Hi,
I need to convert my pair-ended libraries into tab (only headers) with "insert size" information in a separate column. Basically, something like this: "read1 read2 interread-distance". Are you aware of a perl/python script to do such a job? I am starting in python world and it is a simple and it will be a good exercise however some help would be appreciate.
Basically, I will have two datasets (multifasta files format txt-like, *.fasta) like this:
DATASET #1
>header_1/1 (this can have different txt)

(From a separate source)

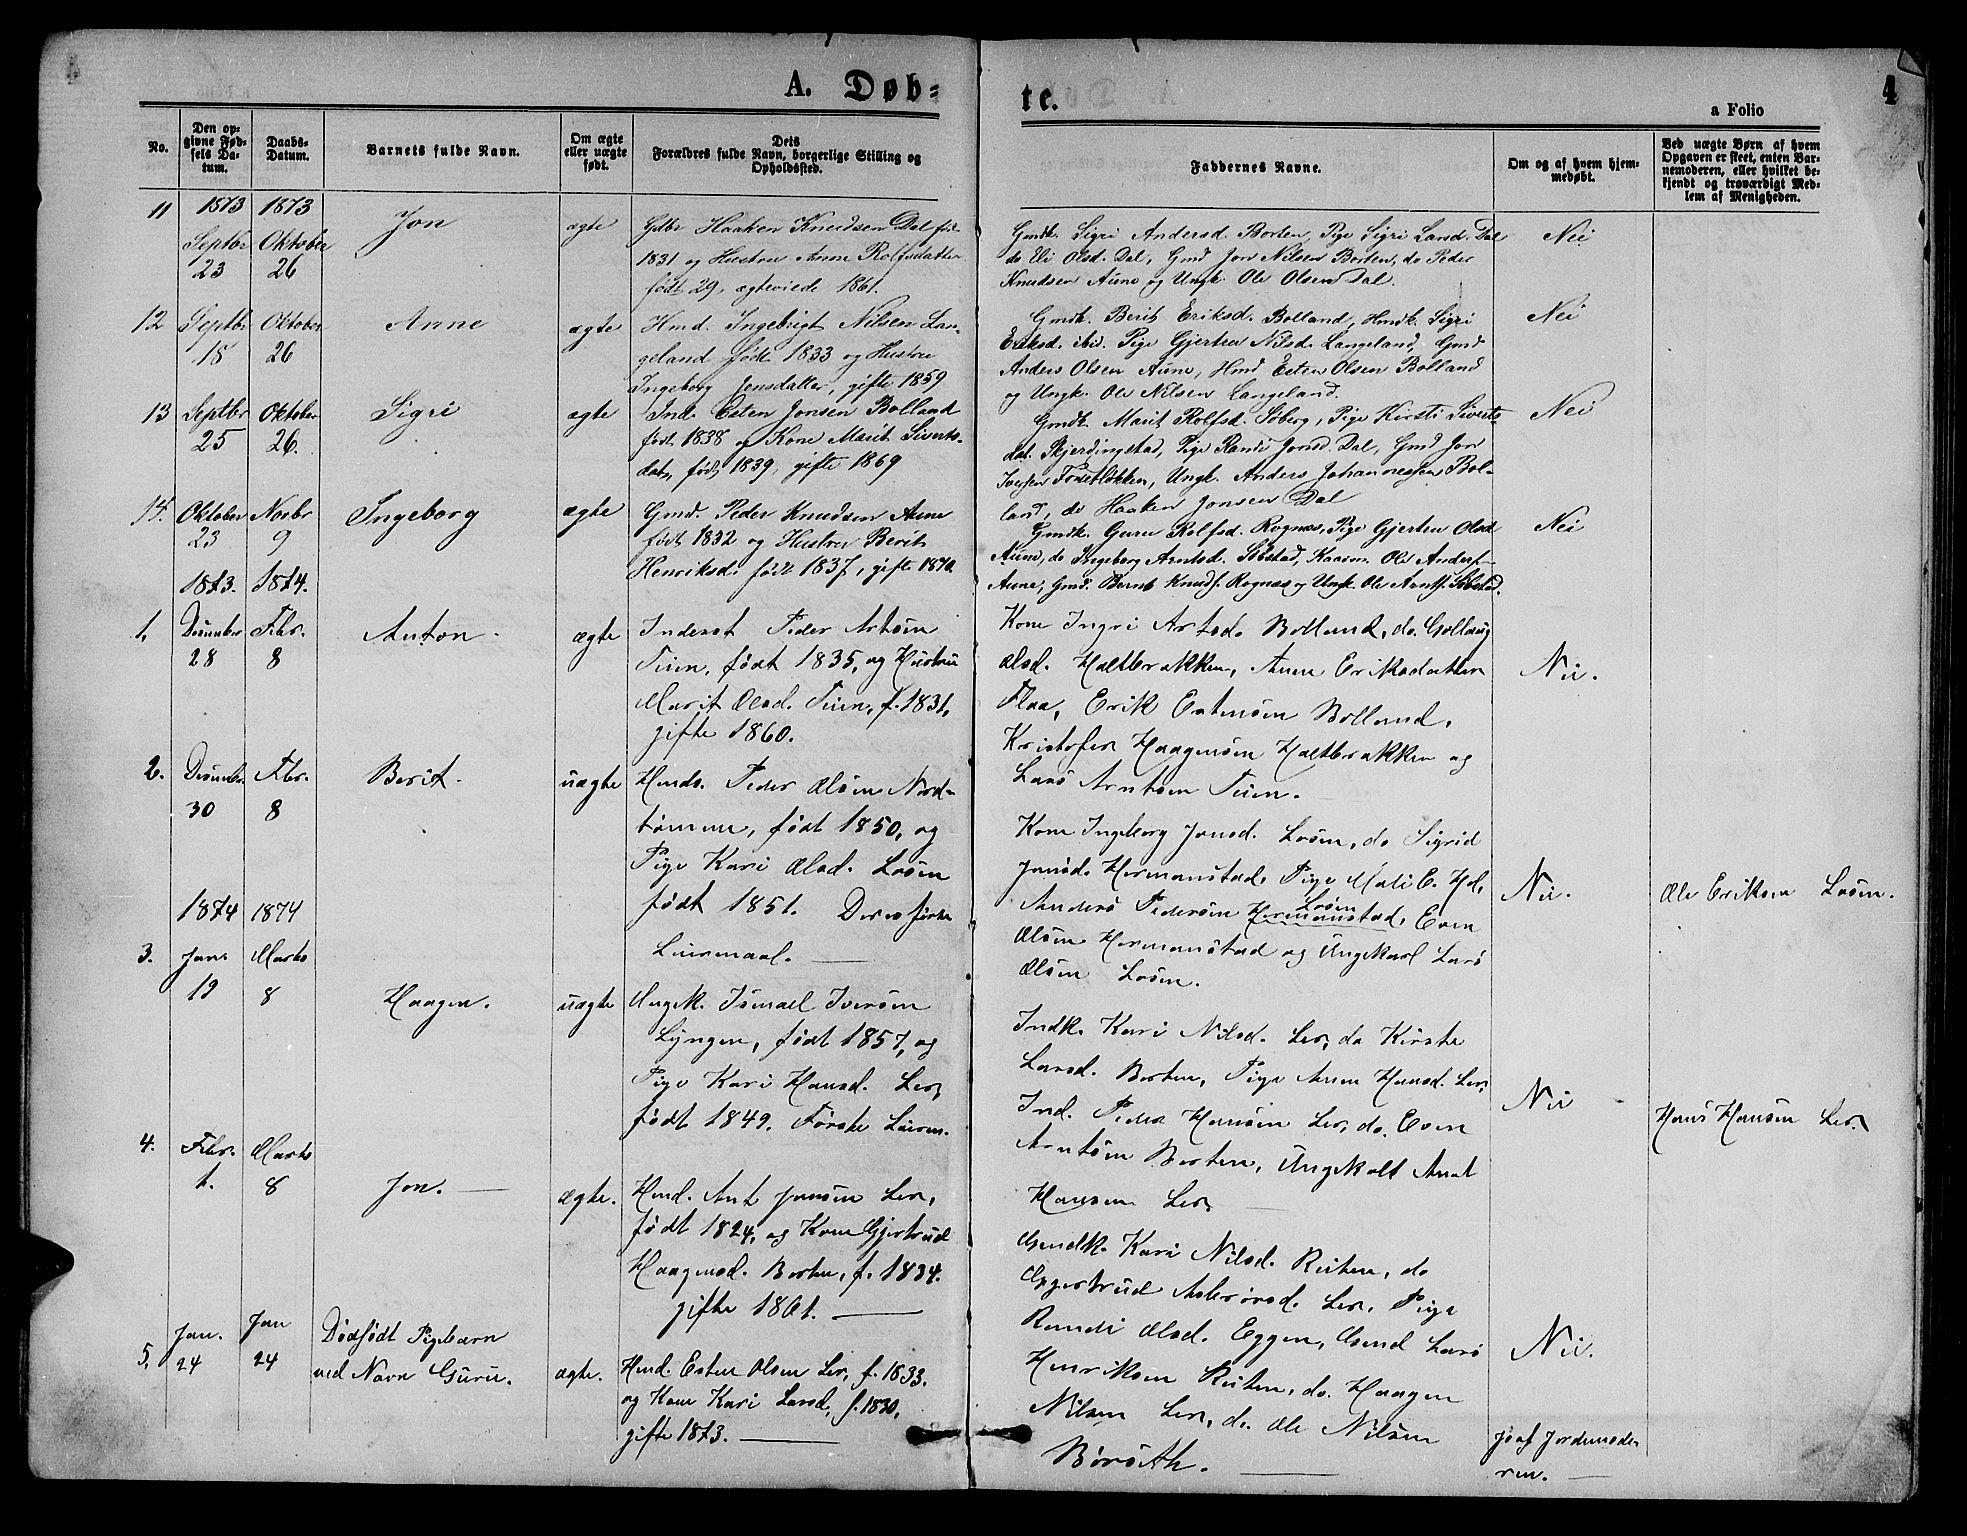 SAT, Ministerialprotokoller, klokkerbøker og fødselsregistre - Sør-Trøndelag, 693/L1122: Klokkerbok nr. 693C03, 1870-1886, s. 4
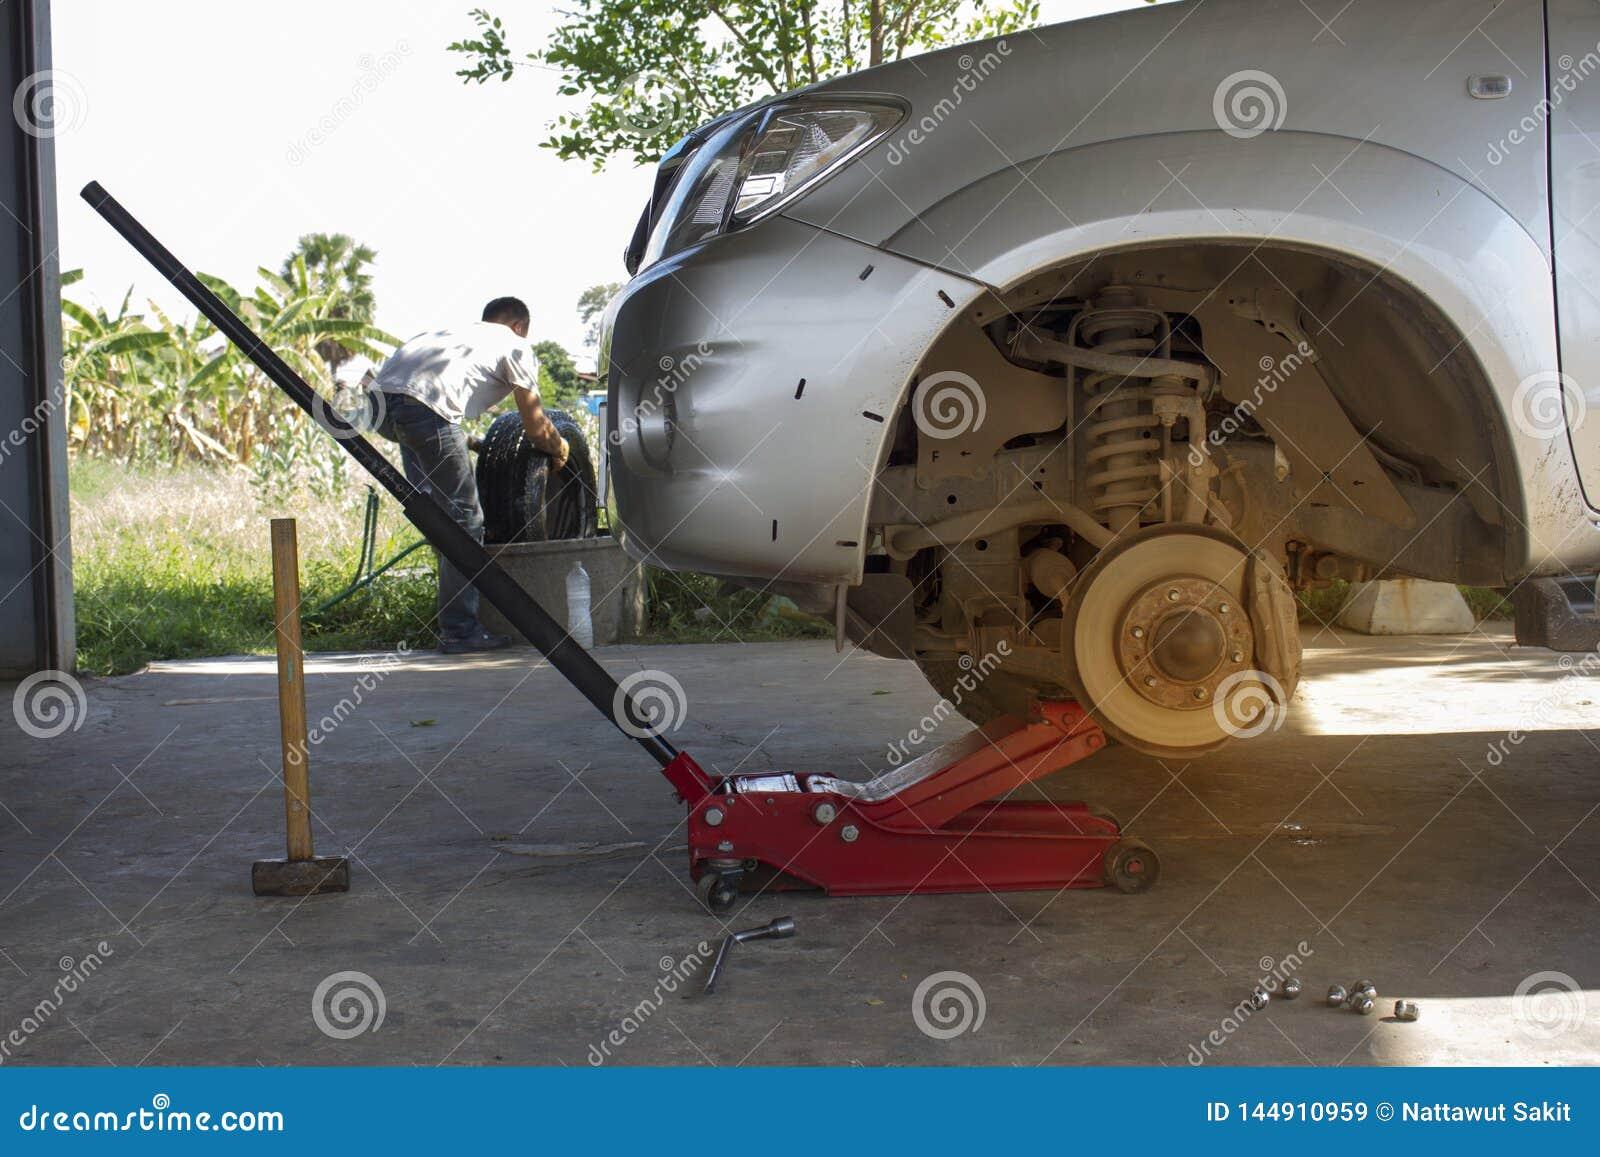 De werktuigkundige verwijdert de pick-upbanden gebruikend de rode hefboom

CACGGTGGGATCGACCTTTTGCCGCTCGAGGGATTTCTGCACCCTGCCGA
>header_2/1
TGGAACAAGGCCGGCCTGCGCGGCTAGGTGATCAACAAGGGGTTCAACGG
>header_3/1
GCGAAAGCGATACCTGGACTCGCAGAACGAAGACCTGGCCGAAGCGGTGG
>header_4/1
GGTTTAGAACGTCGTGAGACAGTTCGGTCCCTATCTGCCGTGGACGTTTG
DATASET #2
>header_1/2
CACGGTGGGATCGACCTTTTGCCGCTCGAGGGATTTCTGCACCCTGCCGA
>header_2/2
TGGAACAAGGCCGGCCTGCGCGGCTAGGTGATCAACAAGGGGTTCAACGG
>header_3/2
GCGAAAGCGATACCTGGACTCGCAGAACGAAGACCTGGCCGAAGCGGTGG
>header_4/2
GGTTTAGAACGTCGTGAGACAGTTCGGTCCCTATCTGCCGTGGACGTTTG
The only conserved notation is /1 or /2 depending on being dataset1 or 2 (mate-pair reads). The size of the datasets are aroung 5,000,000 header entries but can be more
Additionally, I will have a numeric insert-value input
So, in total I have 3 inputs:
dataset 1
dataset 2
insert value (number)
e.g. perl/python headerextract dataset1 dataset2 [#insert value] output
I want to:
1.extract ">" description from each DATASET like:
header_1/1
header_2/1
header_3/1
header_4/1
and
header_1/2
header_2/2
header_3/2
header_4/2
[to easily extract the headers it can be used grep -e ">" my.fasta since ">" is only in the header line]
2.
print a file (format can be .csv or .txt) with both list of headers (each row with identical header designation only varying in /1 or /2) plus an additional column with insert-value (eg. 300):
header_1/1 header_1/2 300
header_2/2 header_2/2 300
header_3/2 header_3/2 300
header_4/2 header_4/2 300
A real dataset may looks like this:
>ILLUMINA-52179E_0009:5:1:1059:13539#CTTGTA/1
CACGGTGGGATCGACCTTTTGCCGCTCGAGGGATTTCTGCACCCTGCCGA
>ILLUMINA-52179E_0009:5:1:1094:12872#CTTGTA/1
TGGAACAAGGCCGGCCTGCGCGGCTAGGTGATCAACAAGGGGTTCAACGG
>ILLUMINA-52179E_0009:5:1:1106:7745#CTTGTA/1
GCGAAAGCGATACCTGGACTCGCAGAACGAAGACCTGGCCGAAGCGGTGG
>ILLUMINA-52179E_0009:5:1:1108:16460#CTTGTA/1
GGTTTAGAACGTCGTGAGACAGTTCGGTCCCTATCTGCCGTGGACGTTTG
What do the headers look like?
Hi, my read libraries are from illumina, e.g.:
ideally, such script should be something like: perl/python "fa2csv" reads1 reads2 insertsize output. Currently I am looking on how to convert multifasta to csv in a way that in the same row I do have both pairs...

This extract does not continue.